The Horsfall report of 2014 gave a snapshot of deaths by suicide. I think it’s a problem that we still don’t really know the true numbers of doctors who have died while under investigation because the data consider only doctors who were registered.
It is possible that doctors under investigation would have deregistered and died by suicide, while others have died of “natural causes” because of the stress associated. These figures are not known.
Of course the stresses upon doctors are very significant so it’s no surprise that they would act in this way, as doctors tend to be very self-critical.
Three years ago I requested that the Health and Safety Executive investigate the number of suicides and the GMC’s response to suicides. If this had been an issue about deaths in prison, then there would have been an immediate inquiry, a report published and individual cases investigated.
Unfortunately, the HSE declined and to have appealed their decision would have required judicial review. It is likely that there have been further suicides among doctors but we don’t have reported statistics.
So where can we learn from and what can we do differently?
Every developed country has its own regulatory system but all seem to hear fewer cases and discipline a smaller proportion of doctors than in the UK.
I would like to see us devolve these cases to regional councils and I would like to see a form of jury being drawn from doctors.
This would mean that we, as doctors, would do jury service and would be there to try our peers and there should, of course, also be lay people involved. At the moment, lay input is greater than professional representation and what results is a panel who may not properly understand complex cases.
Are doctors frightened to admit to practising medicine defensively?
I’m not a cardiac surgeon but anecdotally cardiac surgery, for example, is less likely to be performed in high-risk cases because of the concern that the patient would die.
Ten, 15 or 20 years ago, a surgery might have been done because it was a patient’s only chance of survival. League tables and concerns about disciplinary action certainly make defensive practice more likely.
Another example of defensive medicine is well reported in Professor Tom Bourne’s Impact study, showing that doctors who have been through disciplinary processes in particular display avoidance behaviour.
The net effect of trying to improve patient safety through disciplinary processes may be that they haven’t improved patient safety at all. But this is important because after all, we are all patients.

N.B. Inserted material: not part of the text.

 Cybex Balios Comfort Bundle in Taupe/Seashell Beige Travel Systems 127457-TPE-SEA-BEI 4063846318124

Then we move to the apparent panacea: revalidation. Revalidation is costly in time and resources. There are no metrics to suggest that revalidation is working. But we all do it because we have to do it, and the GMC tells us that it improves patient safety and confidence in the profession.

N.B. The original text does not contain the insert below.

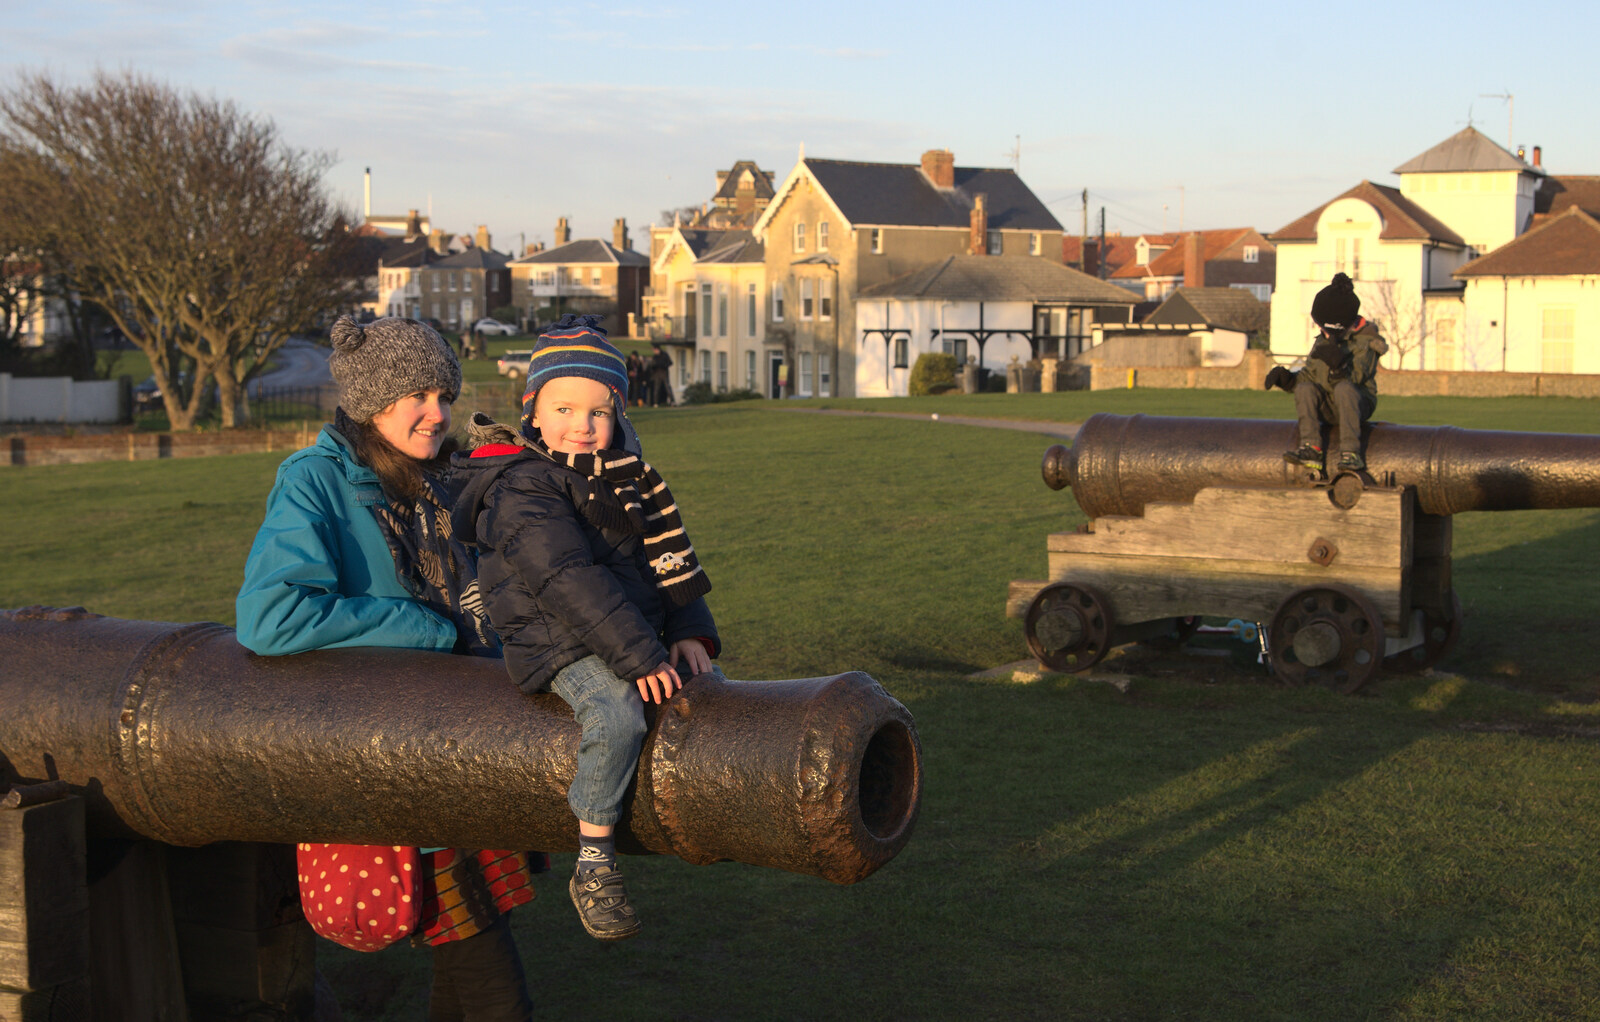 Harry sits on the barrel of a cannon from Sunset on the Beach, Southwold, Suffolk - 30th December 2014

Has the GMC made any progress in recent years?
I should emphasise that the GMC is now trying to listen and has been attempting to improve its processes over the last two or three years.
They have a really difficult job because they will get pressure from all sides. They are walking a tightrope.

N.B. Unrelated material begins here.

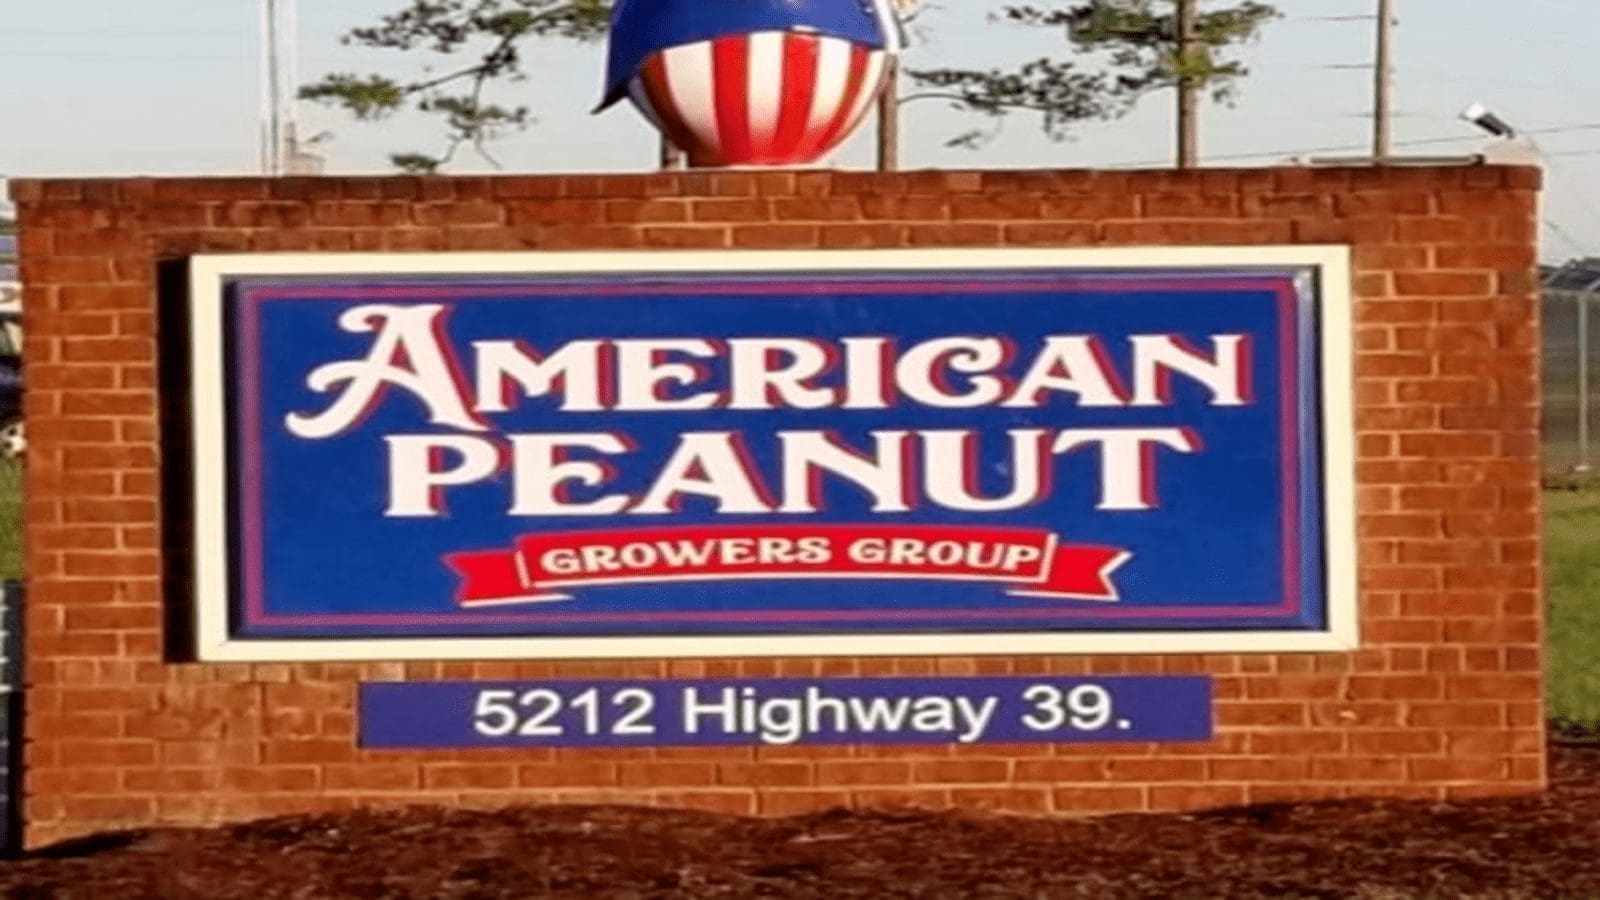 American Peanut Growers Group to invest US$85m in new peanut shelling plant

It’s very important to mention because many doctors have a very bleak view of the GMC. It was established through Act of Parliament and in actual fact has limited room for manoeuvre.
What is the embryonic RCOG doctor’s support group?
The RCOG is a high-level group with representation from the GMC, from medical defence organisations, from trainees and from consultants, and from the education team within the college as well.
We are still defining exactly what we want to do and how we want to do it.
It’s designed to assist doctors who run into disciplinary and regulatory difficulties.
We know that Obstetricians and Gynaecologists are over-represented in complaints and disciplinary processes. So it’s sort of natural that if any college or group of specialists should get involved, the RCOG would be an appropriate college to take this further and is leading nationally on this at the moment.